In sostanza viene qui rivalutato anche il più semplice comportamento di
ogni singolo individuo che compone un sistema sociale, e dunque anche il
suo libero arbitrio, capace di promuovere reazioni a catena in tutto il
resto della società al pari di quanto riesce a fare la disintegrazione di
un singolo atomo. Di ciò, afferma Majorana a conclusione del suo articolo,
dovrebbero tenerne conto le stesse scienze statistiche per operare un vero
e proprio salto di qualità: “...Se è così, come noi riteniamo, le leggi
statistiche delle scienze sociali vedono accresciuto il loro ufficio, che
non è soltanto quello di stabilire empiricamente la risultante di un gran
numero di cause sconosciute, ma soprattutto di dare della realtà una
testimonianza immediata e concreta. La cui interpretazione richiede
un'arte speciale, non ultimo sussidio dell'arte di governo.” (Ettore
Majorana, Il valore delle leggi statistiche nella fisica e nelle scienze
sociali – in: G. Gentile junior, Scritti minori di scienza, fisica e
letteratura, 1943).
Per quanto se ne può dedurre, questo articolo di Ettore Majorana ci rivela
la sua profonda fede nella libertà umana, atteggiamento verso il quale non
era stata certamente estranea la sua educazione religiosa, e può inoltre
suggerirci sia la motivazione, sia la sua situazione psicologica, alla
base della sua decisione di abbandonare i suoi familiari, i suoi amici ed
il suo lavoro, e far perdere le sue tracce.

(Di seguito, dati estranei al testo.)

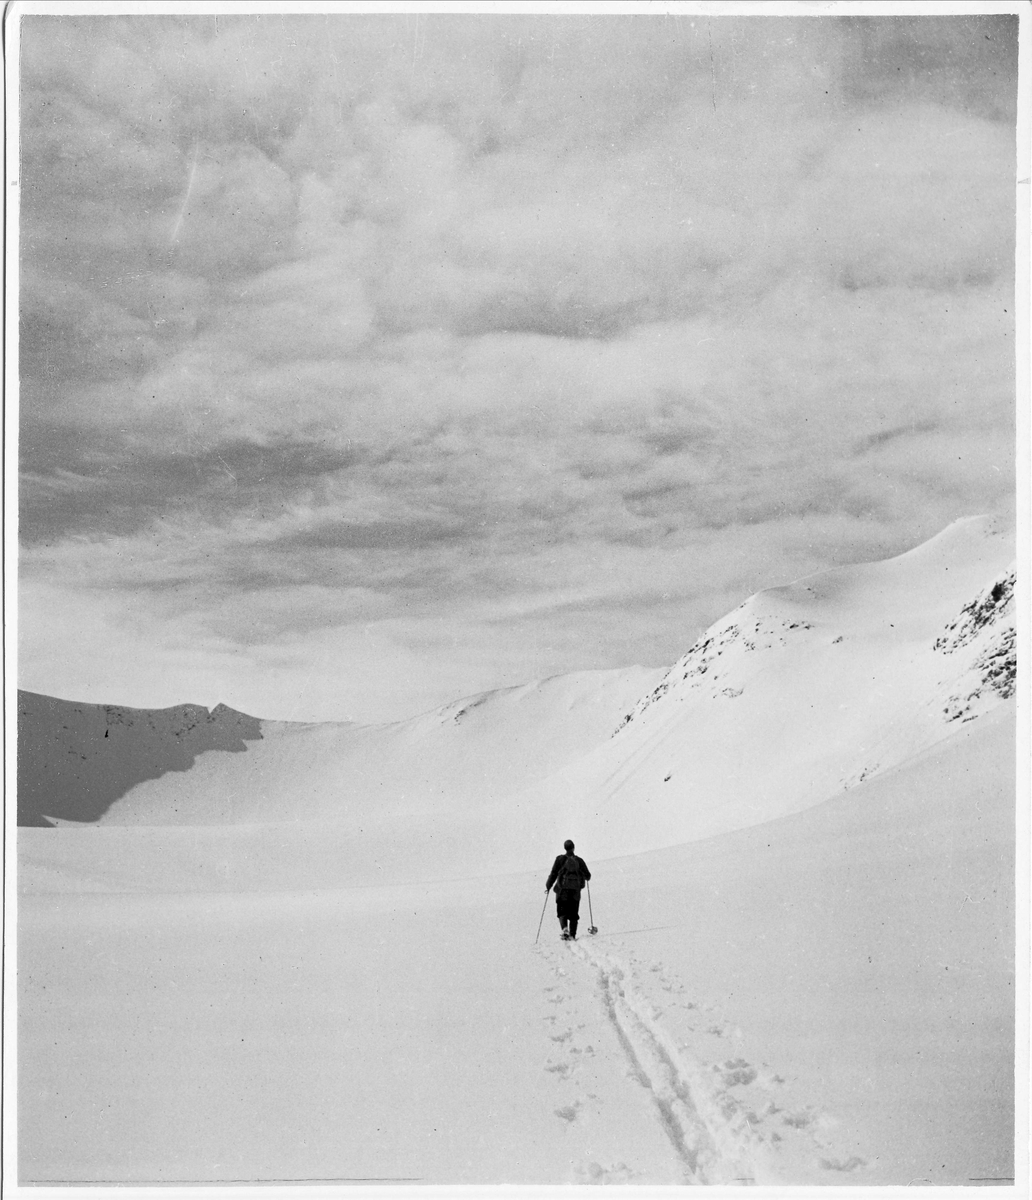 Sylmassivet, Jämtland. En skidåkare på fjället, skidspår i snön.
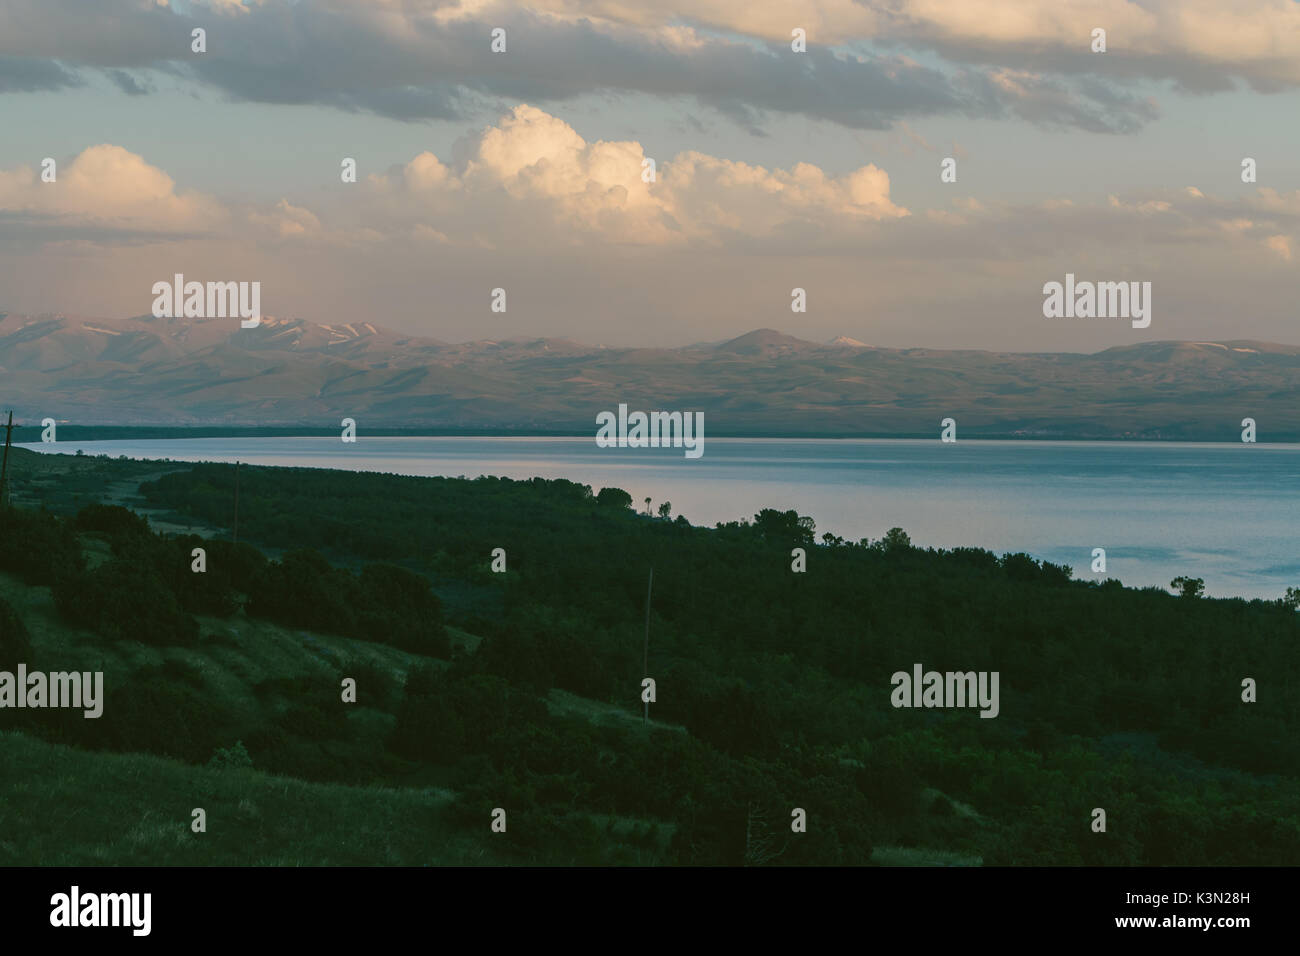 Lake Sevan, Armenia Stock Photo

I quattro o cinque anni precedenti la sua scomparsa, avvenuta – lo
ricordiamo – tra il 25 ed il 26 marzo 1938, furono per lo scienziato
catanese, anni molto critici dal punto di vista psicologico, per diversi
motivi. Tra il 1932 ed '33 su sollecitazione di Enrico Fermi, aveva
effettuato un viaggio a Lipsia e Copenhagen dove era stato accolto molto
bene da fisici del calibro di Werner Heisenberg e Niels Bohr. Al suo
ritorno a Roma – dove viveva con la famiglia sin dal 1921 - cominciò a
manifestare disturbi di salute: una gastrite, forse contratta durante il
suo soggiorno all'estero (o forse anche di origine psicosomatica) che lo
accompagnò anche negli anni seguenti. L'anno successivo, il 1934, morì suo
padre, Fabio Massimo, e di lì a poco un altro evento drammatico turbò
tutta la famiglia. Come ricorda Laura Fermi: “Un bimbo in fasce, cugino di
Ettore, era morto bruciato nella culla, che aveva preso fuoco
inspiegabilmente. Si parlò di delitto. Fu accusato uno zio del piccino e
di Ettore. Quest'ultimo si assunse la responsabilità di provare
l'innocenza dello zio. Con grande risolutezza si occupò personalmente del
processo, trattò con gli avvocati, curò i particolari. Lo zio fu assolto;
ma lo sforzo, la preoccupazione continua, le emozioni del processo non
potevano non lasciare effetti duraturi in una persona sensibile quale era
Ettore”.
Sono tutti elementi questi che da soli possono spiegare l'abbassamento di
umore dello scienziato catanese dopo il suo ritorno dal viaggio in
Nord-Europa. Cominciò così a frequentare sempre meno l'Istituto romano di
Fisica teorica di Via Panisperna, e ad isolarsi sempre più a casa sua fino
a rifiutare anche le stesse lettere, sulle quali scriveva di suo pugno:
“si respinge per morte del destinatario”. Tutti i tentativi fatti dai suoi
colleghi ed amici, Giovanni Gentile jr., Emilio Segrè, Edoardo Amaldi ecc.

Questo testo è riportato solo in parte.